◆ **WORK TASK**
Everything from the line with "Seafood & Crab" down to the line with "WordPressやプラグイン、テーマの更新を確認する" below must be printed exactly, those two lines included. Exclude pictures.

◆ **PROVIDED DATA**
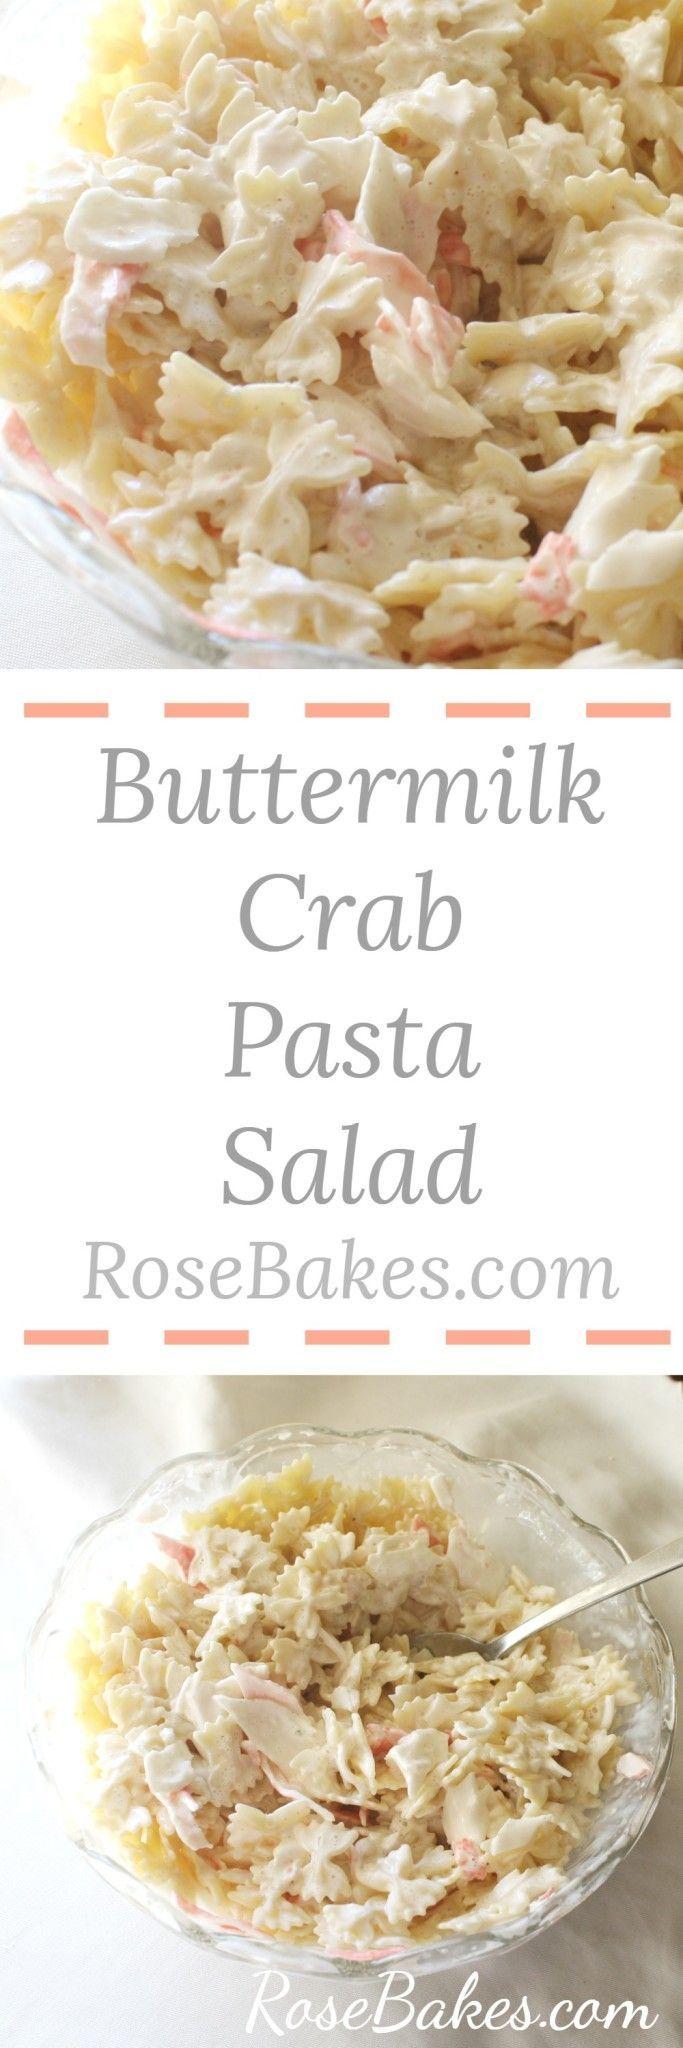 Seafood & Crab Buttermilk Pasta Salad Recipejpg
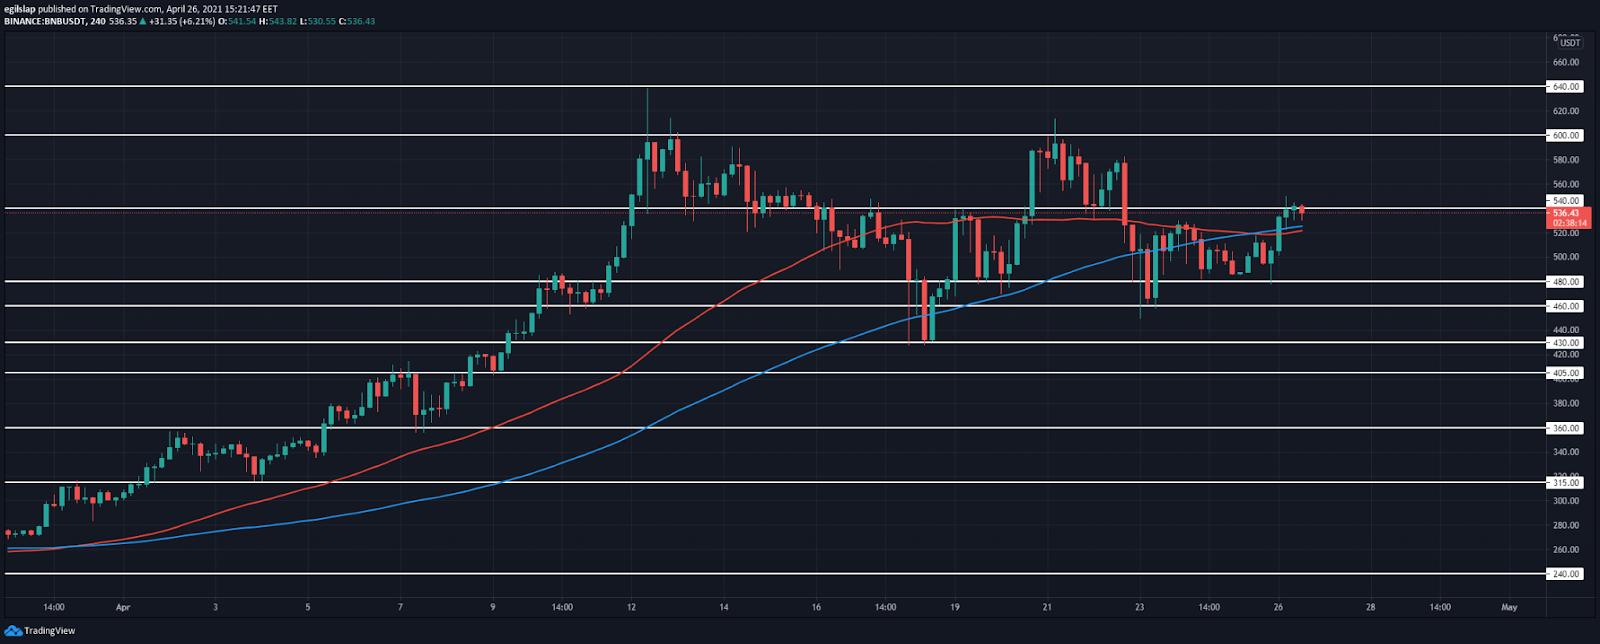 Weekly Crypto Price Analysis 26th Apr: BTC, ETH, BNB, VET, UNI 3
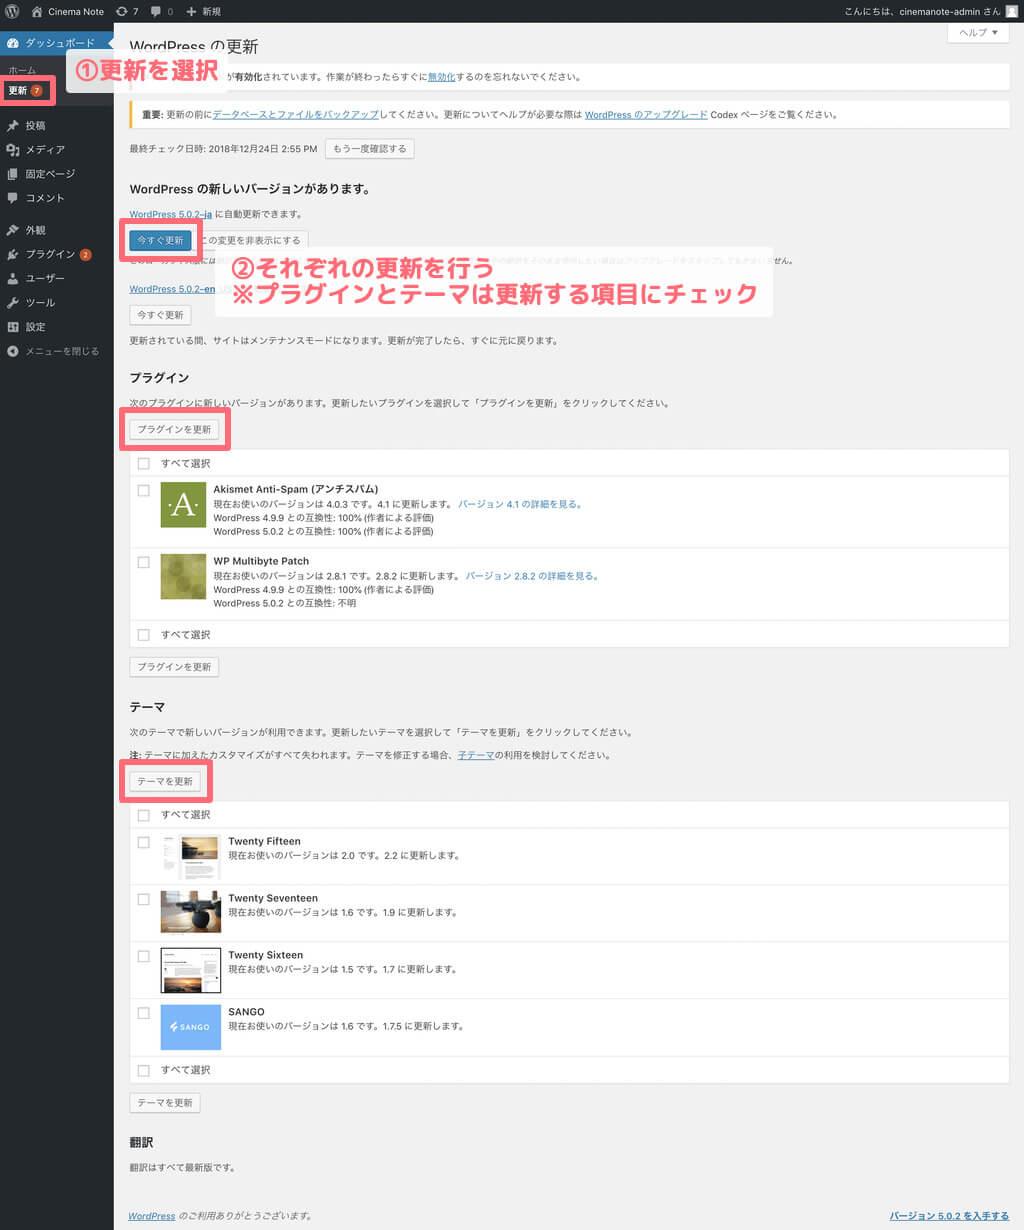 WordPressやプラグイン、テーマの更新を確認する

---

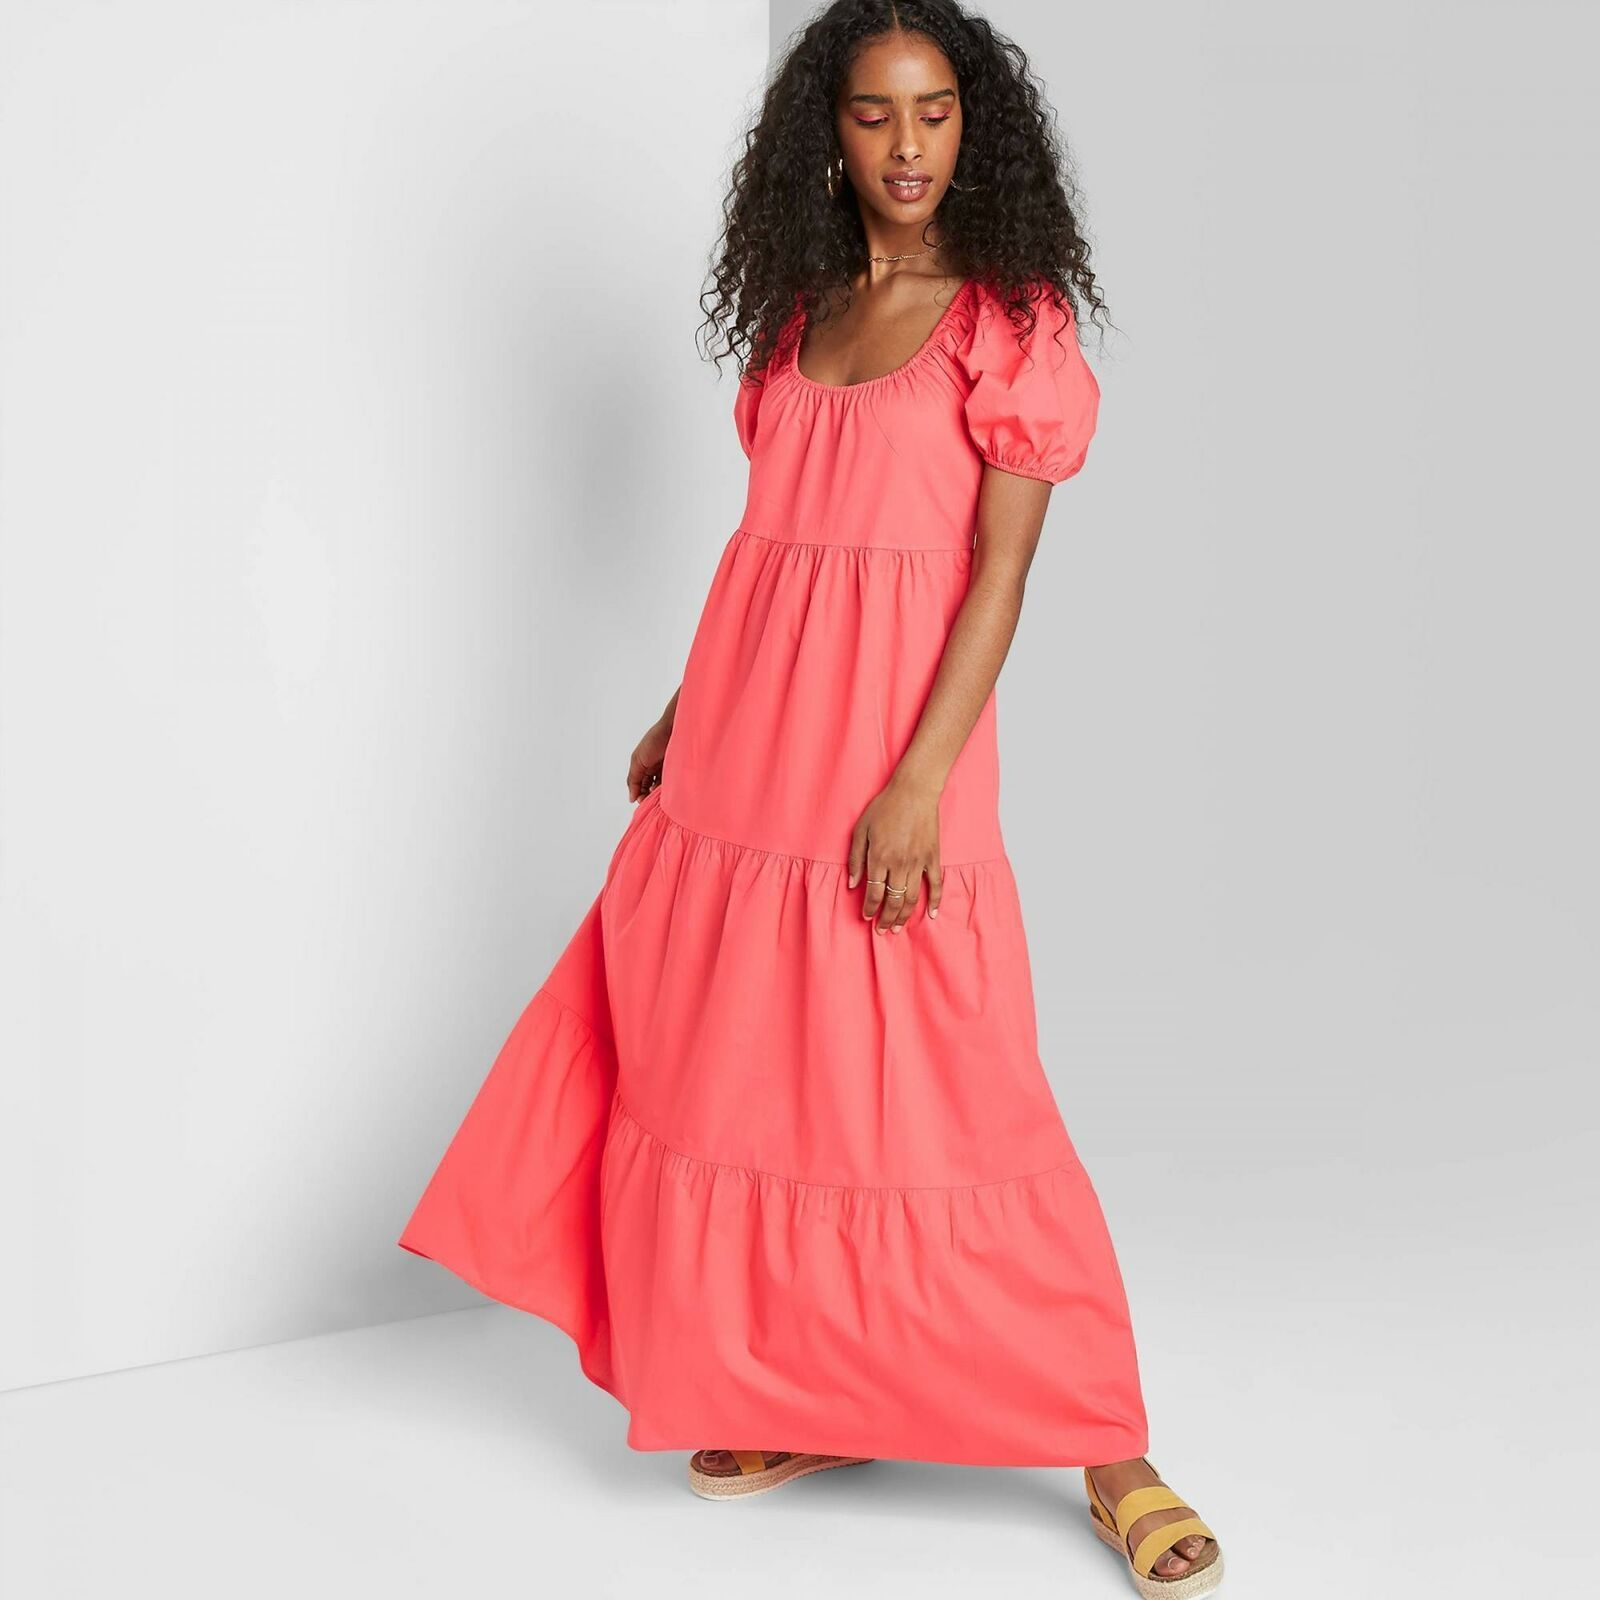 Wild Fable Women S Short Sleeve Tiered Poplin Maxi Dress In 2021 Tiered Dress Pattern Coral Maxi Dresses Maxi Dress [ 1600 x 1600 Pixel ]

◆ **ANSWER FOR THIS EXERCISE**
 Seafood & Crab Buttermilk Pasta Salad Recipejpg
 Weekly Crypto Price Analysis 26th Apr: BTC, ETH, BNB, VET, UNI 3
 WordPressやプラグイン、テーマの更新を確認する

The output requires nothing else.